Fred Ritter

Profile
- Position: Halfback

Personal information
- Born: May 8, 1882 Brooklyn, New York, U.S.
- Died: July 21, 1948 (aged 66) Westport, Connecticut, U.S.

Career information
- High school: Lawrenceville School
- College: Princeton (1904)

Career history

Playing
- 1907: Regina Civil Servants
- 1910–1913: Regina Roughriders

Coaching
- 1910–1913: Regina Roughriders Head coach
- 1914: Princeton Assistant coach
- 1921–1922: Manitoba Head coach
- 1923–1924: Winnipeg Victorias Rugby Club Head coach
- 1925–1928: Manitoba Head coach
- 1933–1934: Winnipeg Deer Lodge Head coach
- 1935: Winnipeg Victorias Junior Rugby Club Head coach

= Fred Ritter =

American-born Canadian football player, coach, and administrator

Frederick William Ritter (May 8, 1882 – July 21, 1948) was an American gridiron football player and coach and lumber industry executive who was head coach of the Regina Roughriders from 1910 to 1913.

==Playing==
Ritter was on May 8, 1882, born in Brooklyn to Frederick William and Mary (Welchman) Ritter.

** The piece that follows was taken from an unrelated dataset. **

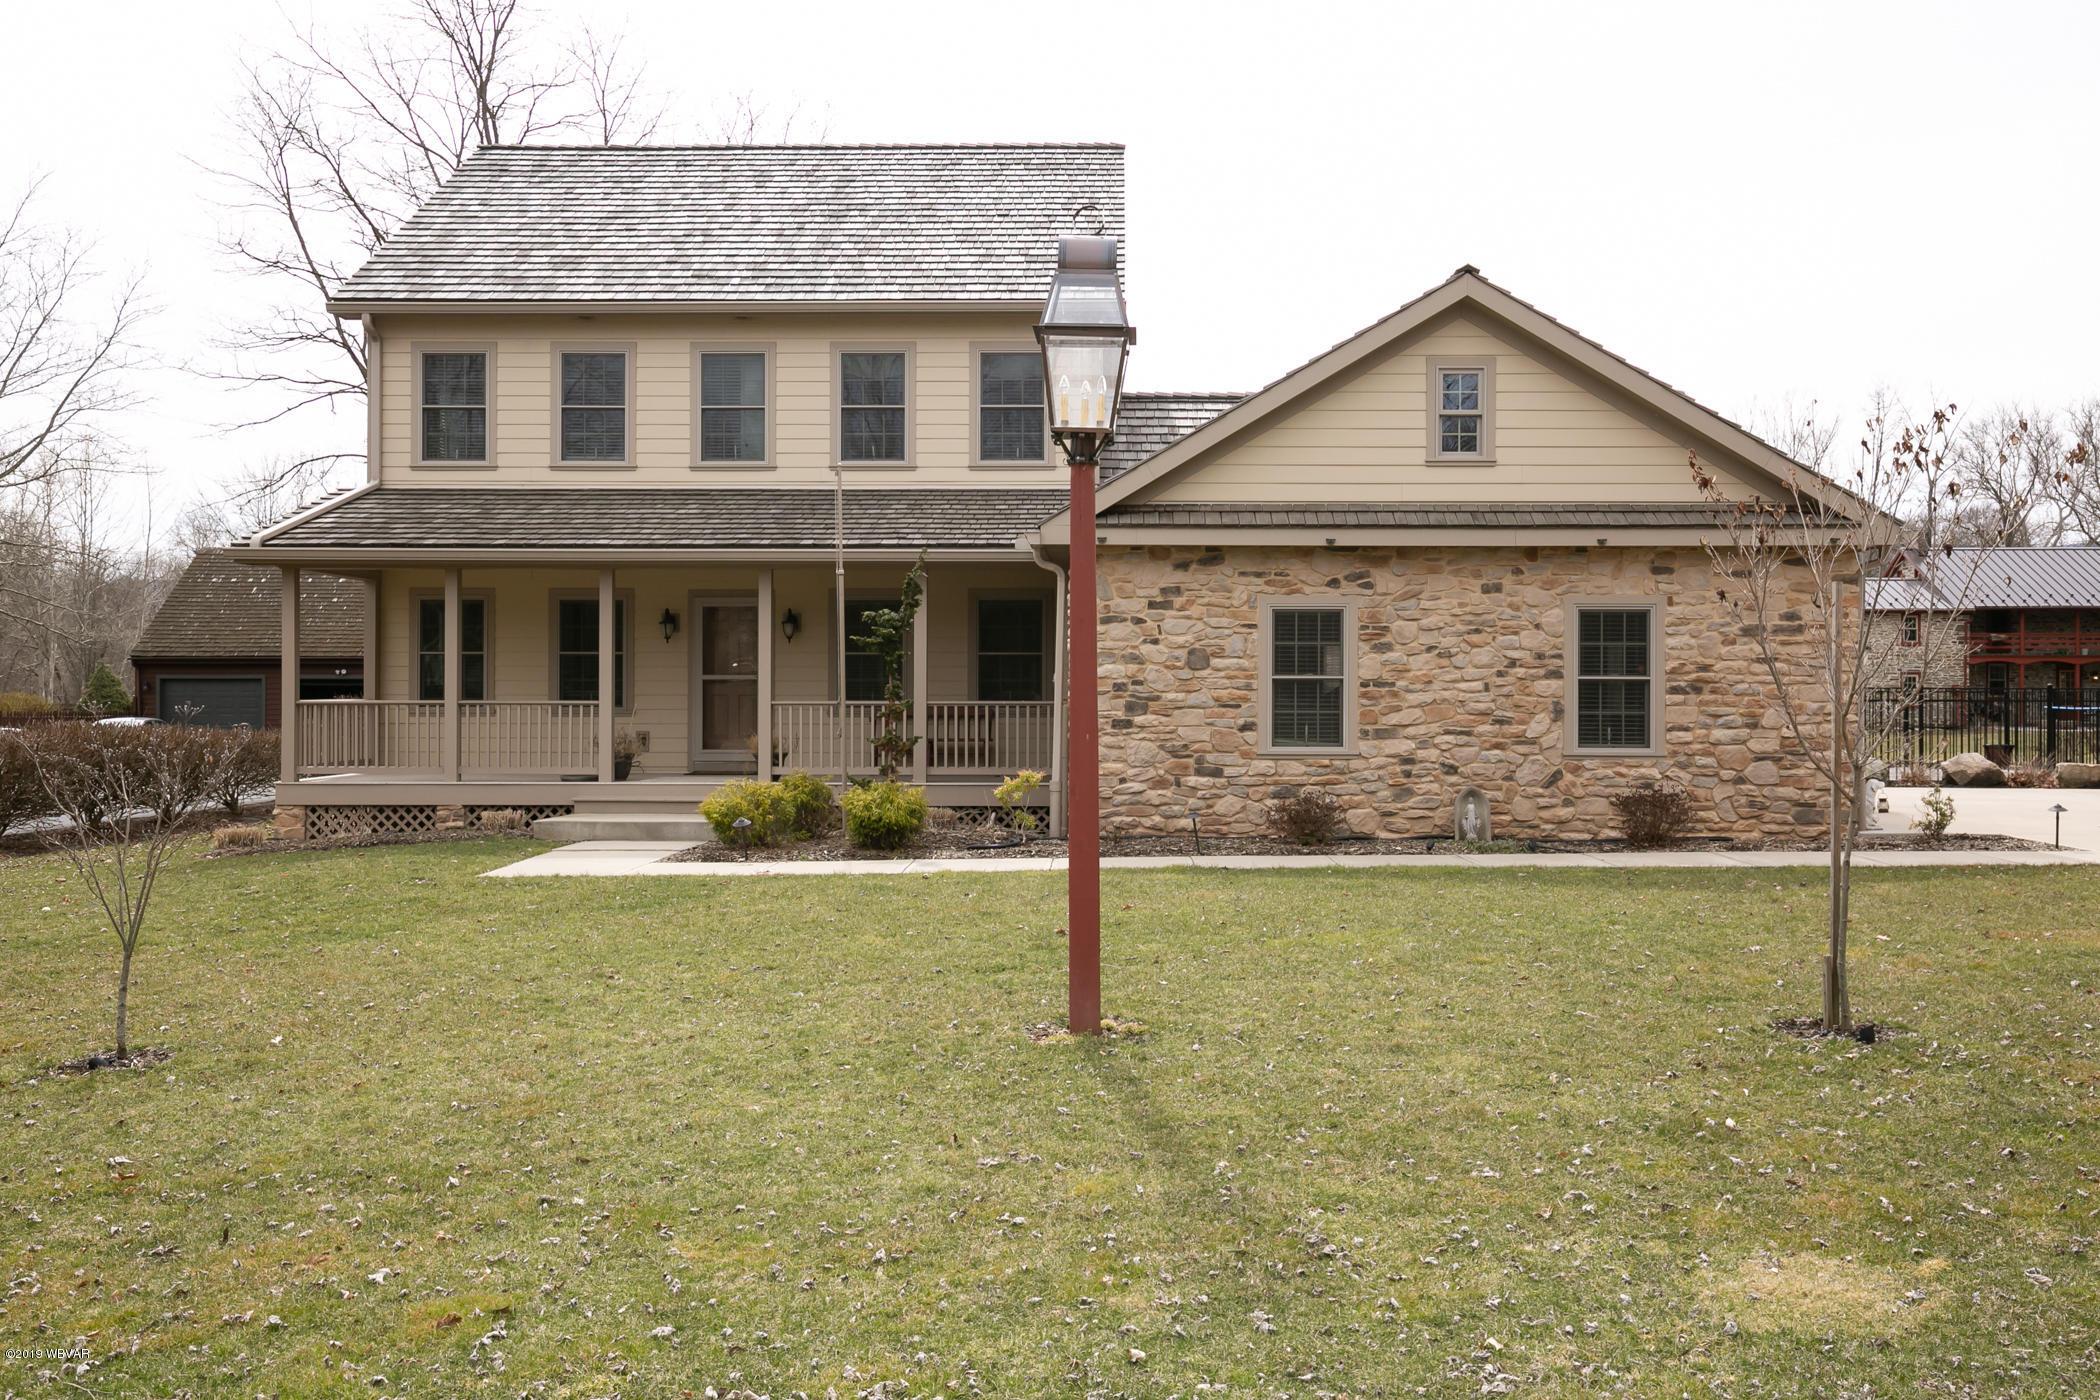 1720 MILLWOOD LANE,Montoursville,PA 17754,3 Bedrooms Bedrooms,3.5 BathroomsBathrooms,Residential,MILLWOOD,WB-88841

He graduated from the Lawrenceville School. He played halfback on the 1904 Princeton Tigers football team, but was ineligible to play in 1905 due to poor grades. In 1906, he was the backup catcher for an amateur baseball team in Millville, New Jersey. In 1907, Ritter moved to Regina, Saskatchewan and played center-half for the Regina Civil Servants football team.

==Coaching==
Ritter joined the Regina Roughriders in 1910 and was appointed coach that October. He remained with the team until 1914, when he returned to Princeton as an assistant coach. He returned to Roughriders in 1915 as team manager.

Ritter returned to coaching in 1921 with the University of Manitoba. In 1923 and 1924, he coached the Winnipeg Victorias Rugby Club. He then returned to Manitoba. He was the coach of the Winnipeg Deer Lodge in 1933 and 1934 and the Victoria Juniors in 1935.

==Lumber industry==
After leaving Princeton, Ritter was a yard manager for the Monarch Lumber Company in Regina and Winnipeg. In 1916, he became general manager of the North Canada Lumber Company in Prince Albert, Saskatchewan. He then spent 17 years as secretary of the Western Retail Lumberman's Association in Winnipeg. In 1937, he moved to New York City, where he was secretary-manager of the New York Lumber Trade Association until his death.

==Personal life==
On February 8, 1910, Ritter married Aimee Rogeane Houston in Regina. They had two daughters, Rosalina and Rogeane.

Ritter died on July 21, 1948, at his home in Westport, Connecticut after a brief illness.